3.Lesser risk involved:
Cloning a startup based on the ideas from the companies in USA considerably reduces the risk of the entrepreneur as well as investor’s risk as the idea has already been validated in the market. Since it was common practice in the China, it did not bring stigma attached to using the copy-to-China model in the Chiese scene. The non-existence of the intellectual property laws in China or India, unlike USA, gave a green signal for the new startups to copy the ideas from the west without having to worry about the lawsuits and other legal affairs.
The risks involved many be comparatively lesser but it not reduce it to zero. The news entrepreneurs have to make note of it. The risks involved in starting the same company in another place would not be mutually inclusive. So the entrepreneurs have to take abundant care to check the risks involved and take necessary steps to reduce it.
4.Create new niche:
The ideas from the west paves way to create a new niche in the developing countries which would be new and different to their country. For instance, in the early 2000s, there was a popular social site called Hot or Not, which allows its users to post photos of them and ask others to rate their attractiveness on the scale of 1-10. Users who found each other mutually attractive was connected to each other. The site was considered quite addictive and enjoyed by the Americans. The popularity of this site probed to create one such in India named RateDesi. The idea proved successful with more than 25 million views for the site and generated decent revenue. This shows how an Indian entrepreneur took a proven idea and modified it fit a new niche. This is one such example, there are lot more out there who have taken the existing successful business and tweaked a bit to create a new different niche for the developing countries. Some examples are Etsy is Ebay for artists, Zomato in India is the Burrp for restaurants, Alibaba in China is like the Amazon in USA. However, it has to be noted that the chosen niche should not be too small. Spending one’s resources and energy for a niche that is too small will not help in getting back what one expects. So it is wise to choose a potential business where the return rate of success could be high and could bring back more than what was invested.
5.Easy marketing and PR:
Cloning a successful hot and interesting startup from USA can create a buzz much easily in the market than a completely new startup. OLA cabs in India created a big buzz in the industry when it was launched as many compared it how Uber operated in USA. (It has to be noted that now Uber has expanded to India as well).
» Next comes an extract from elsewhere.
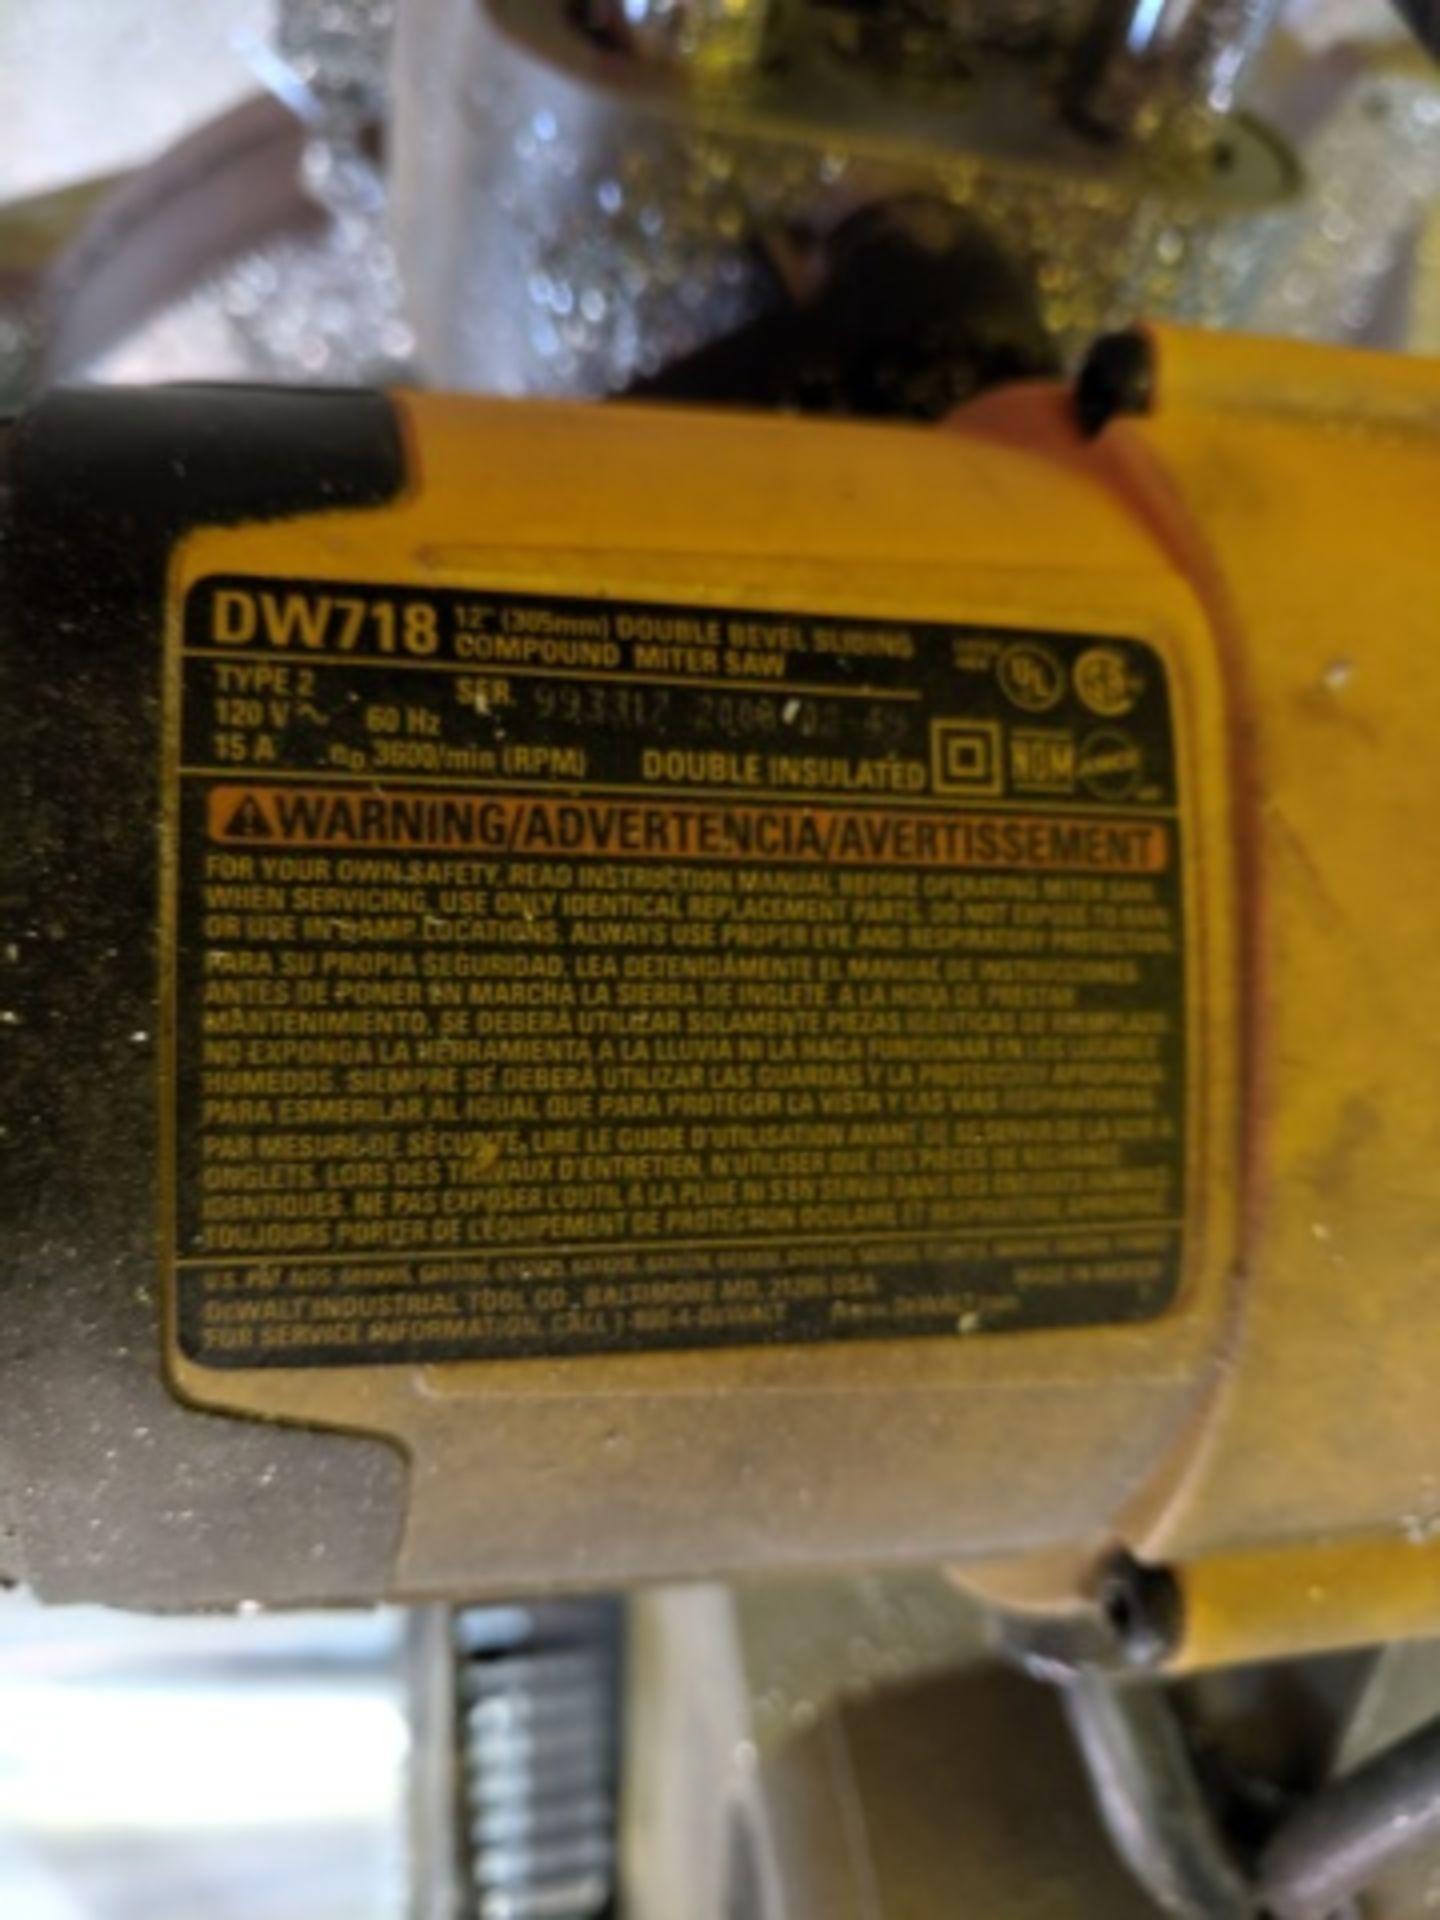 Dewalt DW718 Miter Saw - Image 3 of 3

For most of the developing countries, marketing that is popular in the USA means it is something high-funda and would automatically create a stir. People would be more willing to try it as it is something similar to ones in USA. So replicating startup ideas from the USA means the marketing and PR gets easier.
These above discussed reasons show why it is so popular for the developing countries in the east to follow the footsteps of the western countries in coming up with a startup idea. Not everyone who runs a successful business are inventors or innovators, rather they are capable to adapting the business idea to the place and the requirements. So there is absolutely nothing wrong in taking an idea and doing the same thing with modifications elsewhere or with a different niche. However,more than the online business ideas, the ideas which have a significant offline component and demands people on ground is worth copying as long as it addresses a problem or serves a utility.